This Week’s Movie: HOCUS POCUS

There were extensive technical problems at the start of this week’s showing of Hocus Pocus; perhaps they put me in a bad mood. Alternatively, I may have been annoyed by Halloween, a holiday which I have never been too excited about. Whatever the reason, the simple truth is that I was immune to this movie’s charms. It made me laugh a few times, but most of those laughs were unintentional, and when this movie tried to get a sincere response from me I found myself face-palming instead.

The villains of the film are introduced first: the Sanderson sisters, played by Kathy Najimy, Sarah Jessica Parker, and Bette Midler. They’re witches in 1693 Salem, and after doing a few evil things, they meet the same fate that all suspected witches met in Salem (Among this film’s many crimes: it may teach small children that some of the women who died in Salem were guilty). The witches are resurrected three hundred years later by Dani (Thora Birch), her older brother Max (Omri Katz), and his would-be love interest Allison (Vinessa Shaw). Supernatural hijinks follow, and because Bette Midler is involved, some of them are sure to involve singing.

On a scale from 1 to 10, this movie starts at 11 and only gets bigger. Movies aimed at young children are often hammy – just look at the previous year’s Aladdin – but Hocus Pocus is a ham sandwich where the bread, mayonnaise, lettuce, and tomato have all been replaced with additional slices of ham. Every joke is over-sold, to the point that the actors seemed to be elbowing me in the ribs while saying, “Get it?” after every line.

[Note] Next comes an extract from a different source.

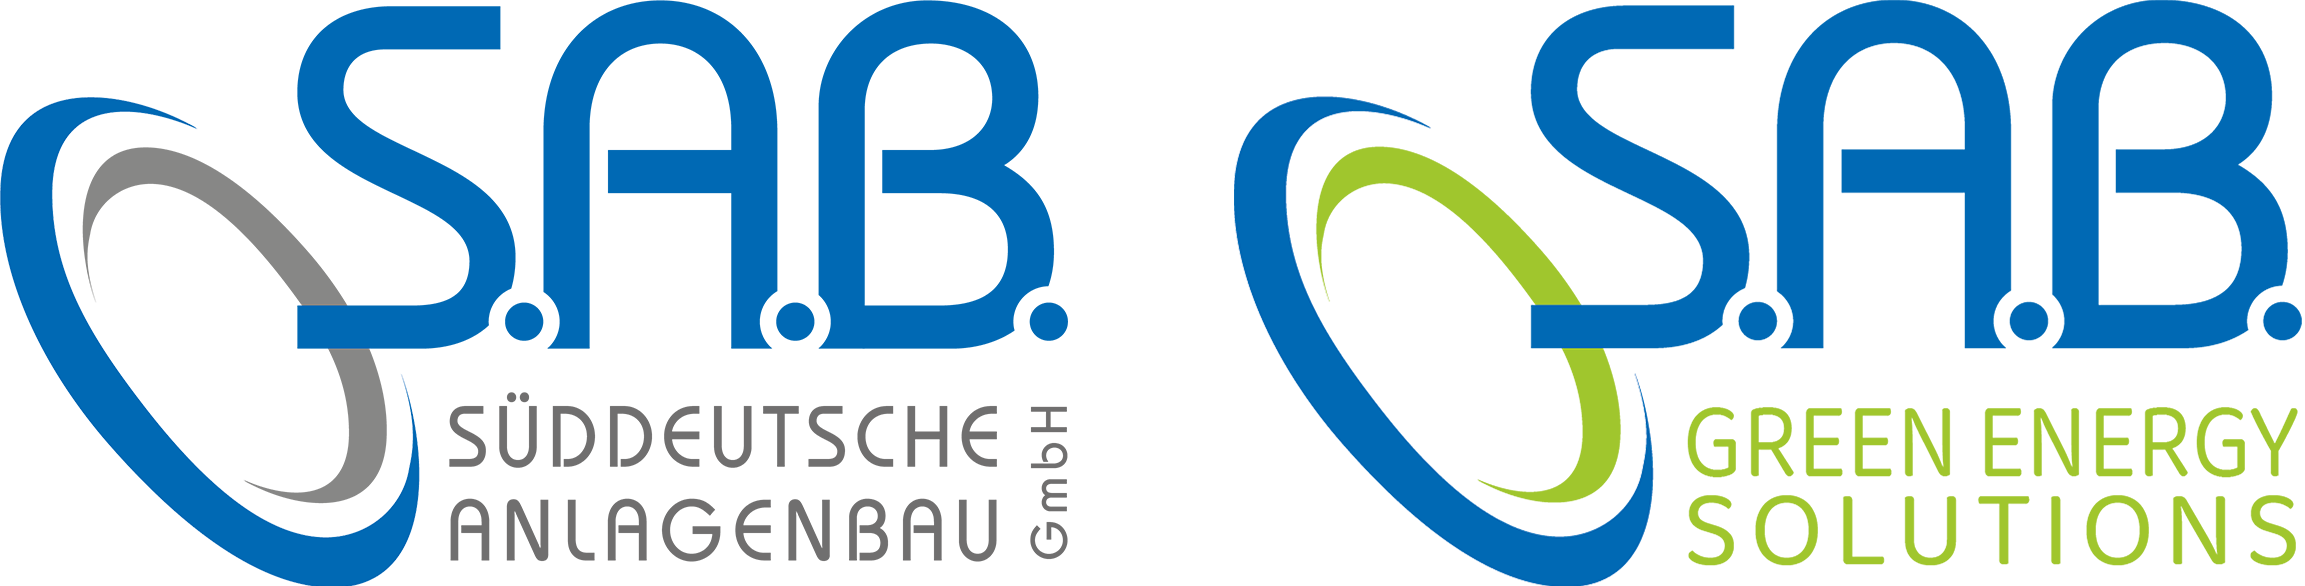 S.A.B. Süddeutsche Anlagenbau GmbH

Now, I suppose if you’re going to go that big, Bette Midler is the actress to hire. Like most Broadway veterans, she can be as big as you want, and then double it just for fun. But this role is so big and so broad that I don’t understand how even very young children will believe her as a villain. The goofy bucktooth prosthesis, the campy posturing … maybe I’m too old to remember what scared me as a kid, but I would think it better for Midler to have some menace to her, like Margaret Hamilton in The Wizard of Oz. After all, the screenplay calls upon her to worship Satan and drink the souls of virgins.

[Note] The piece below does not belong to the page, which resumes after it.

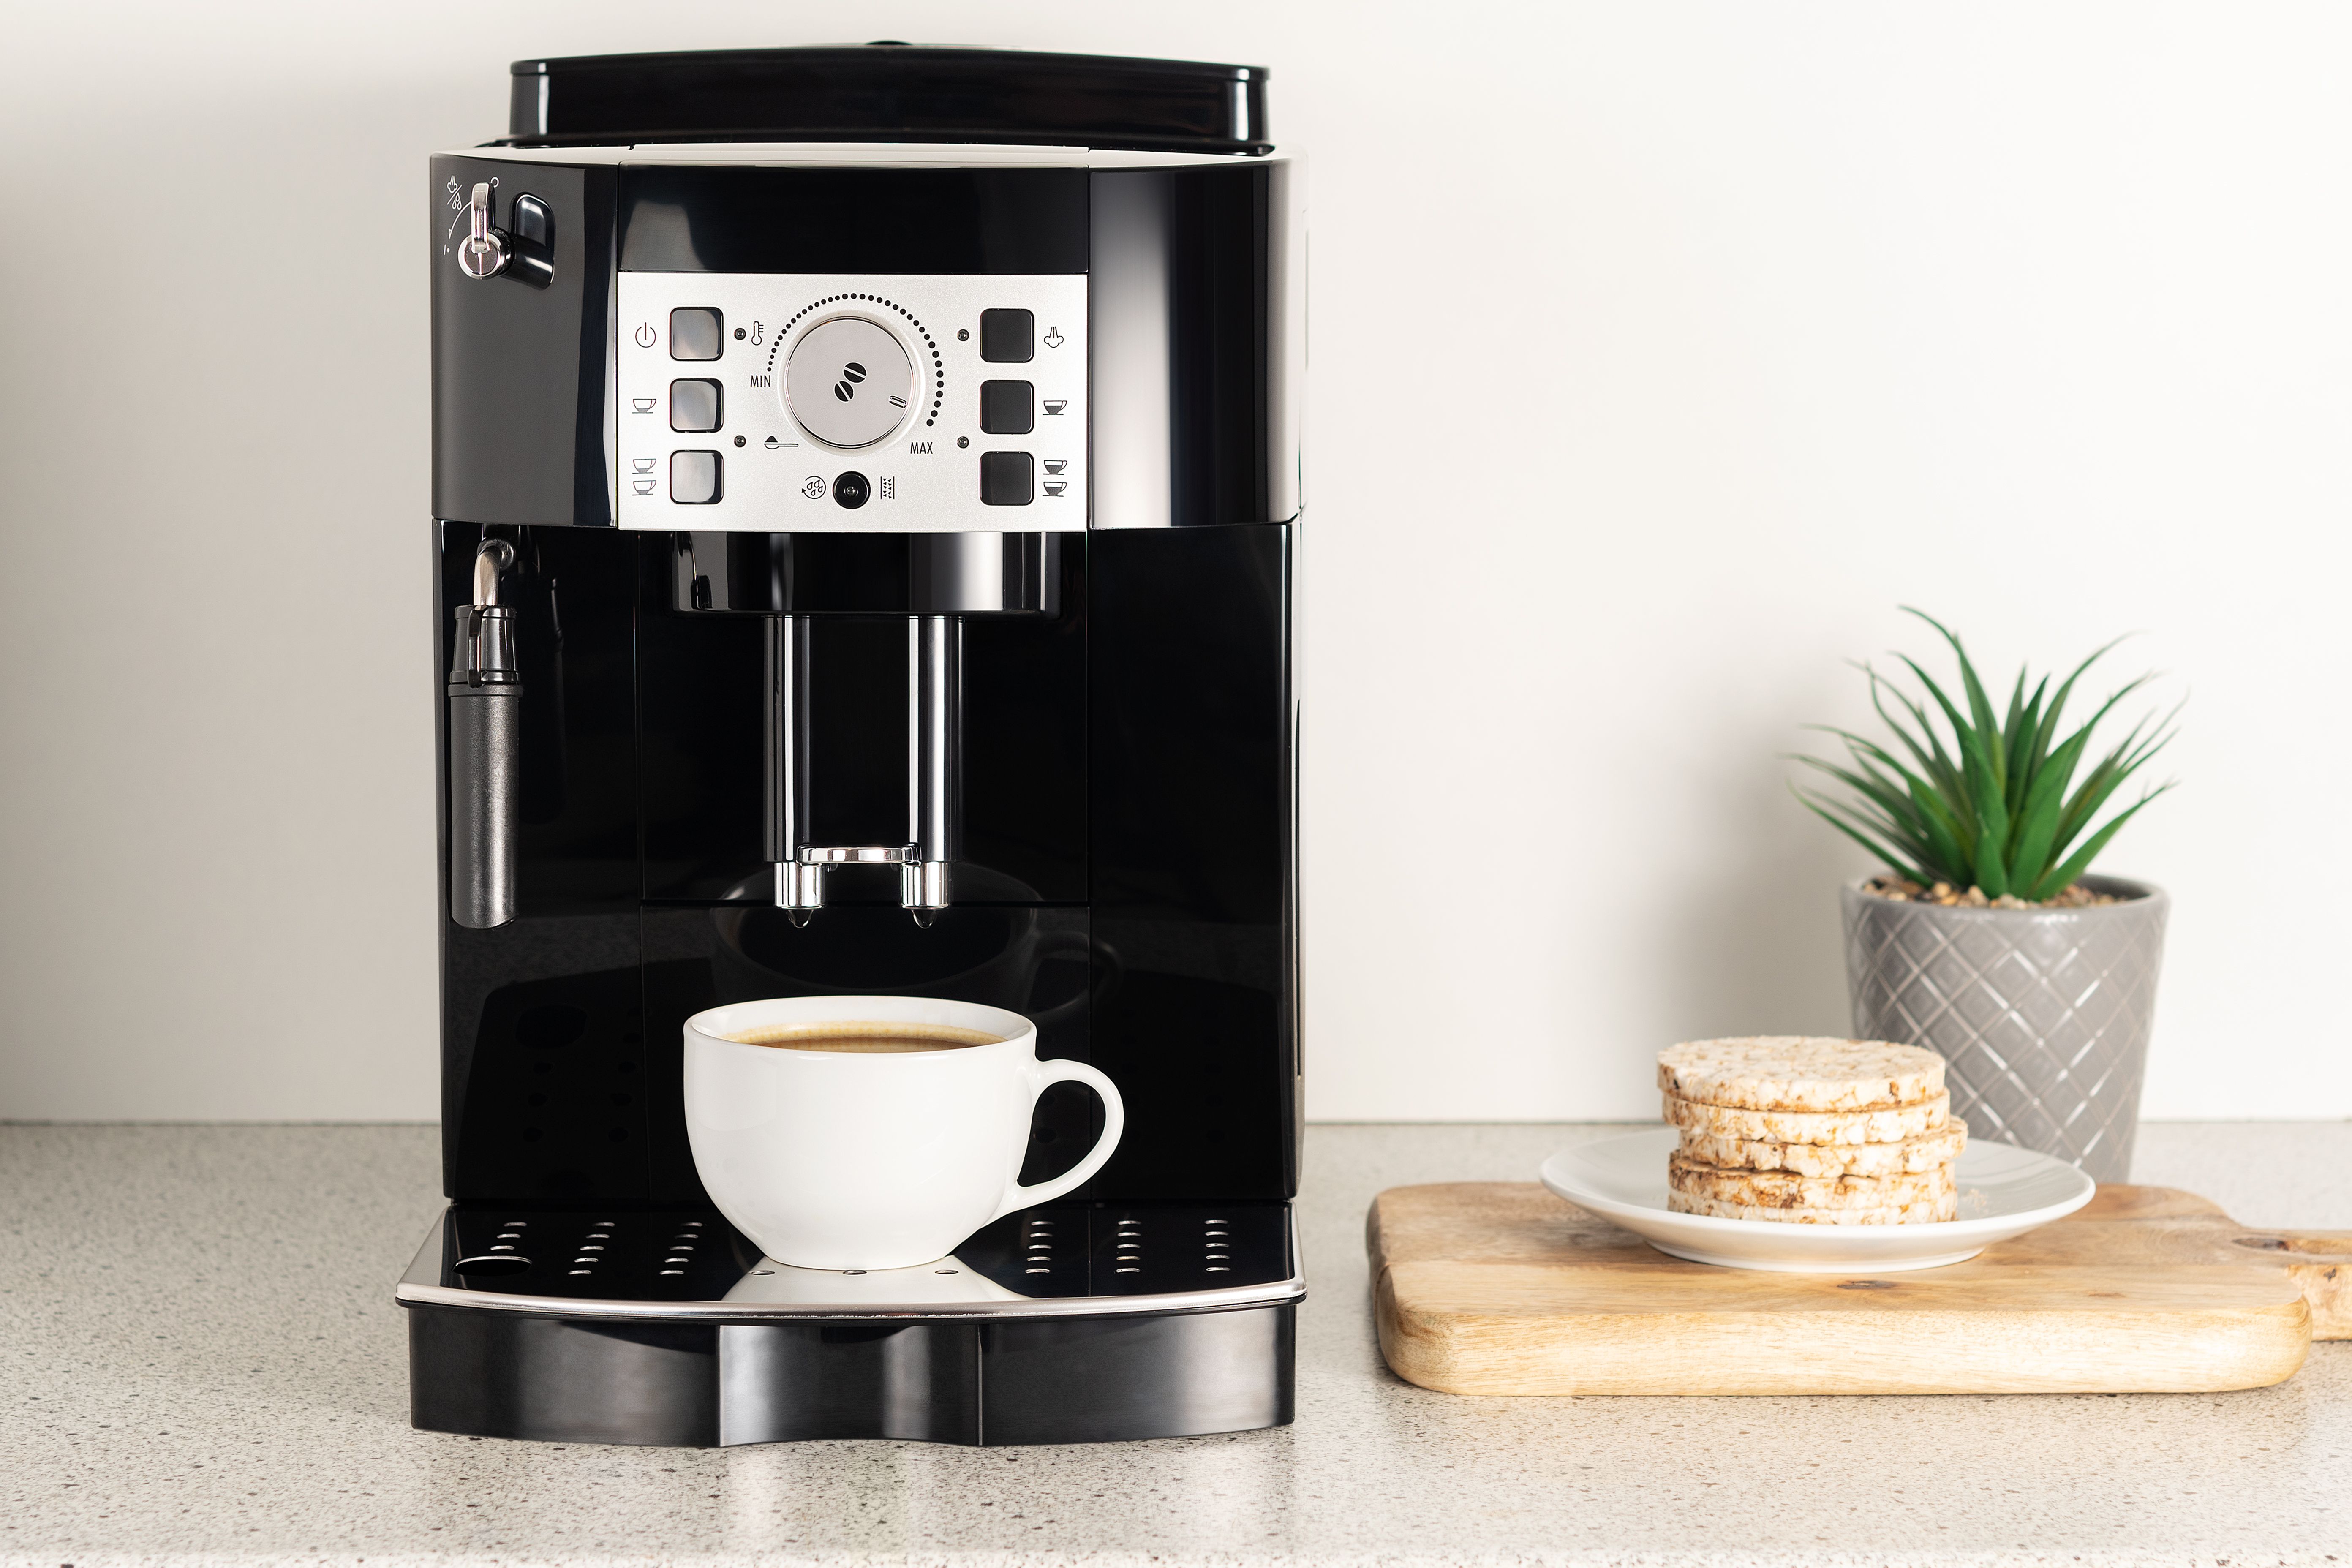 Meilleure machine à café grain 2021 - Blog sur le café, histoires

Let’s focus on that last bit for a second. Hocus Pocus is one of the weirdest PG-rated pictures I’ve seen in a while. Like a lot of kids’ films, it goes to some strange places in order to entertain the adults in the audience. The witches’ spell book is bound in human flesh, written in blood, and has a single staring eye, but is anyone in the audience going to be impressed by those references to Sam Raimi’s The Evil Dead? A comedy sequence in the middle has Parker trying to seduce a man who’s dressed as a devil, because she thinks he’s the actual Satan; good luck explaining that one to the kiddies. As for the film’s obsession with the witches’ unique hunger, this is a film which will cause a lot of parents to field the awkward question, “what’s a virgin?”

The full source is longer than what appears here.